If you hope to eventually be friends, it needs to happen organically. Don’t force the friendship because you’re afraid to “lose them” or you’re worried you’ll be perceived as cold-hearted if you don’t make the effort.

Trying to force a friendship too soon is one of the best ways to sabotage the possibility of an actual friendship in the long run. In my experience, it takes a fair bit of time (12 months+) and/or you both clearly moving on (e.g. by dating other people) for the tension to ease enough that you can be friends again.


There can be a lot to process after a breakup and you shouldn’t deal with it all in isolation. Make sure you talk to a trusted friend, family member, or a professional (counsellor, psychologist, etc.).

Not only can this person help you to work through whatever you’re feeling, they will also see the situation with an objectivity you lack. It can be easy to lie to ourself about a relationship. We can lie about who was responsible for what. We can believe lies that were first spoken to us by our ex. Someone we trust can help us to cut through the lies.


What is the usual advice after a breakup? Keep busy. Go out with friends, start a new hobby, do whatever you have to do to keep your mind off of your ex.

It’s not bad advice. At a certain point we have to get off our couch, put the trip choc fudge ice-cream back in the freezer, and carry on with our life. But don’t let keeping busy prevent you from processing the breakup. Whatever you’re feeling, give yourself permission to feel it.

Remember, there’s no right way to feel after a breakup. Common emotions are sadness, anger and a sense of loss, but I remember at the end of one particularly toxic relationship, the overwhelming emotion I felt was relief.

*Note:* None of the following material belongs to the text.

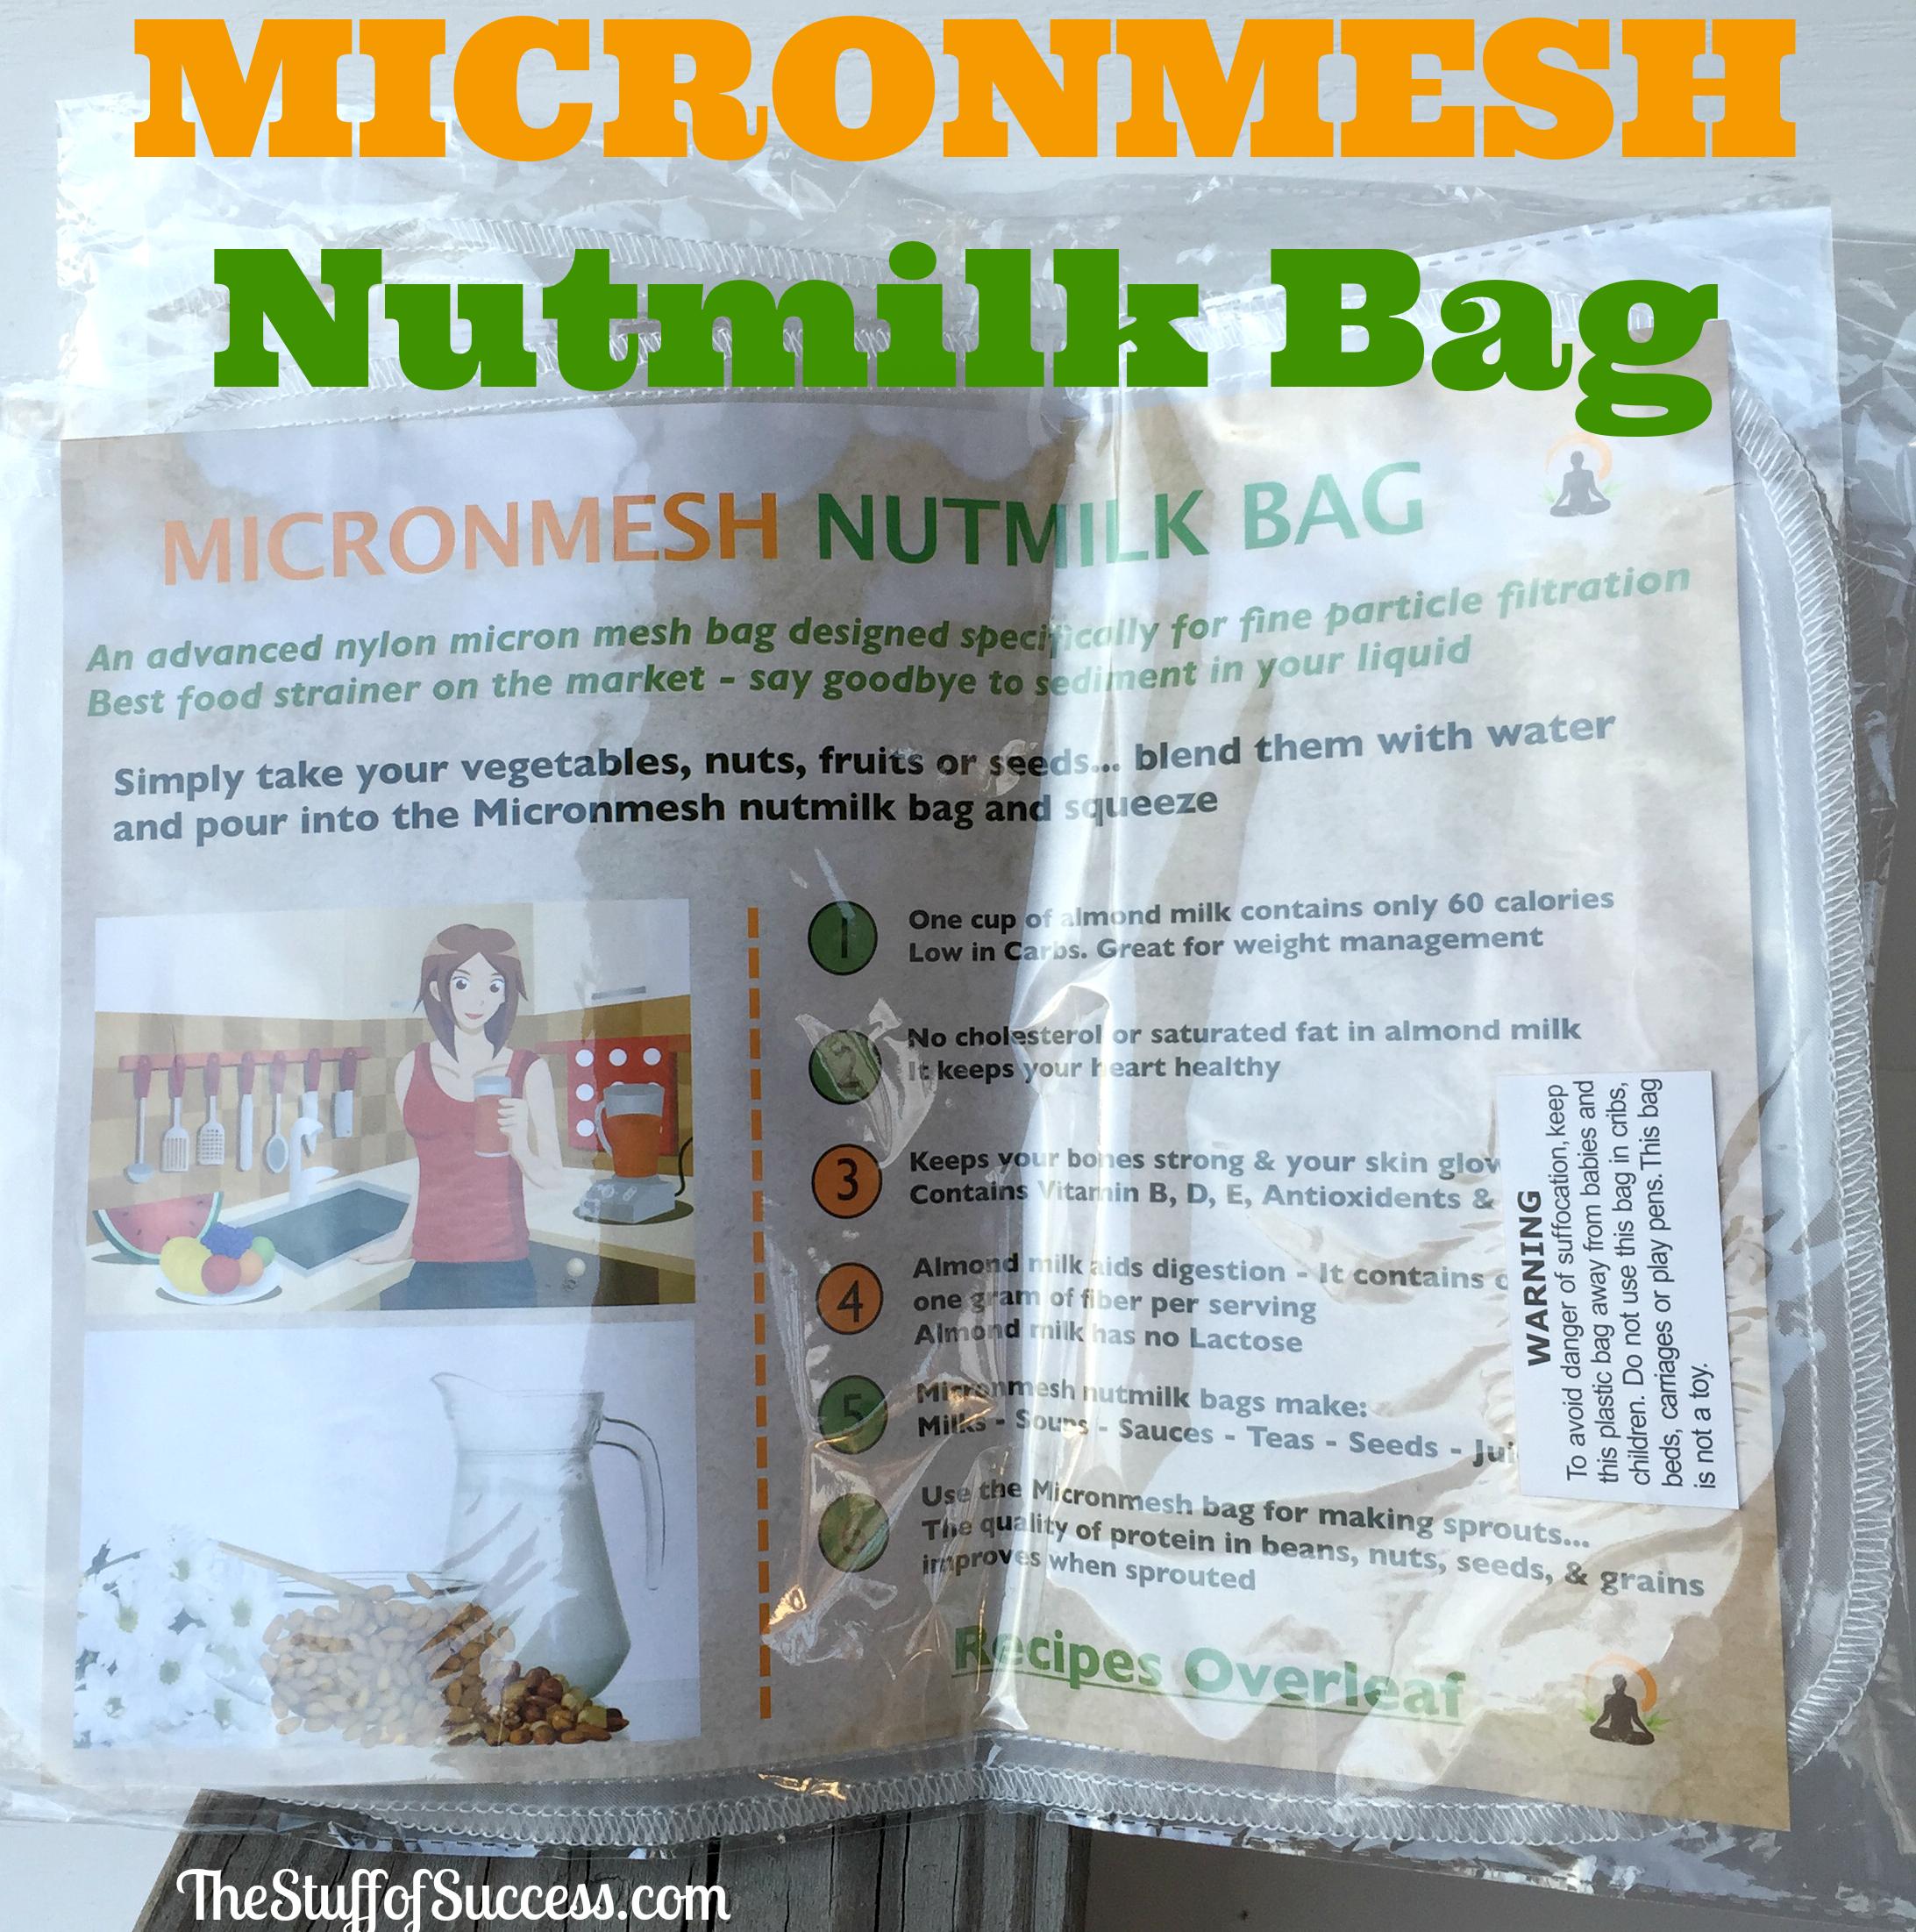 Micronmesh Nutmilk Bag

Reflect on the relationship, recognising where it went wrong and the part you each played. Be honest about your ex’s faults and the ways he/she hurt you. Be honest about your own faults and how you could have been a better partner.

Manson points out that understanding what went wrong in your relationship can go a long way towards helping you move on, and it can prevent you from making the same mistakes in future.

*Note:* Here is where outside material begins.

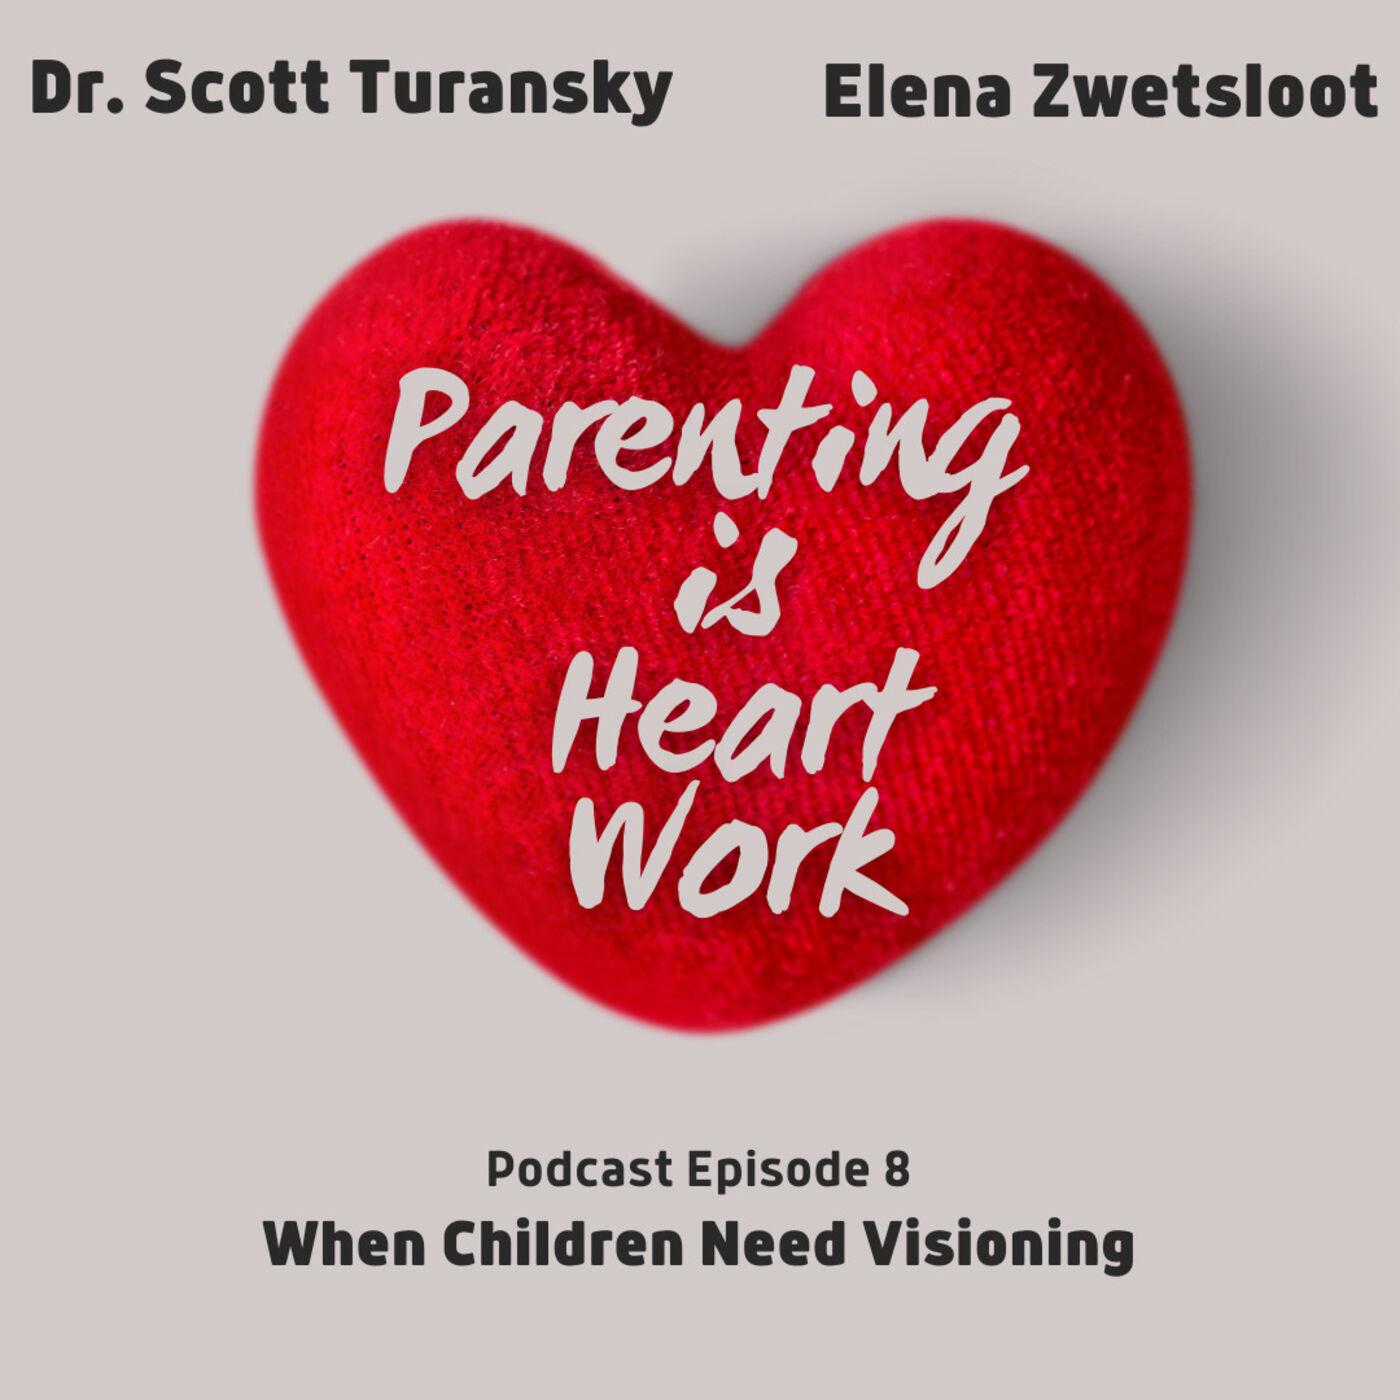 7. When Children Need Visioning

Even when a relationship ends on good terms, people can be left hurting. You probably blame the other party for certain things, something might have been left unsaid, or maybe you’re just grappling with failed expectations.

Regardless of how badly your ex was in the wrong, one of the best things you can do after breaking up is forgive them.

Forgiveness is a decision to let go of any grievance you’re holding against that person. It means letting go of any feelings of bitterness, resentment, and vengeance you hold towards that person.

Forgiving doesn’t mean forgetting. That’s denial. Forgiving doesn’t mean excusing the wrong or saying it doesn’t matter. It just means letting go of the resentment. Forgiveness says, “I know what you did. It hurt. But I’m not going to hold it against you.”

Finally, forgiveness is an act of the will, not an emotion. You don’t have to feel forgiving to forgive. Heck, most of the time you probably won’t, and the hurt you’re feeling probably won’t just disappear. But regardless of how you’re feeling, forgiving will be a massive step on the road to healing.


Like going to the dentist or gluten-free baking, breakups are one of those things that are inherently a bad time. Nothing I write is going to change that.

But breakups are also a necessary part of life. If you’re in a relationship with someone and you decide that this isn’t the person you want to spend the rest of your life with, the best thing you can do is breakup. Don’t view this as a failure.

Your goal should be to end the relationship respectfully and in a way that equips both parties to move on. These 11 tips will help you achieve that.

Are there any other tips you would share to help someone navigate a breakup? I’d love for you to write them in the comment section.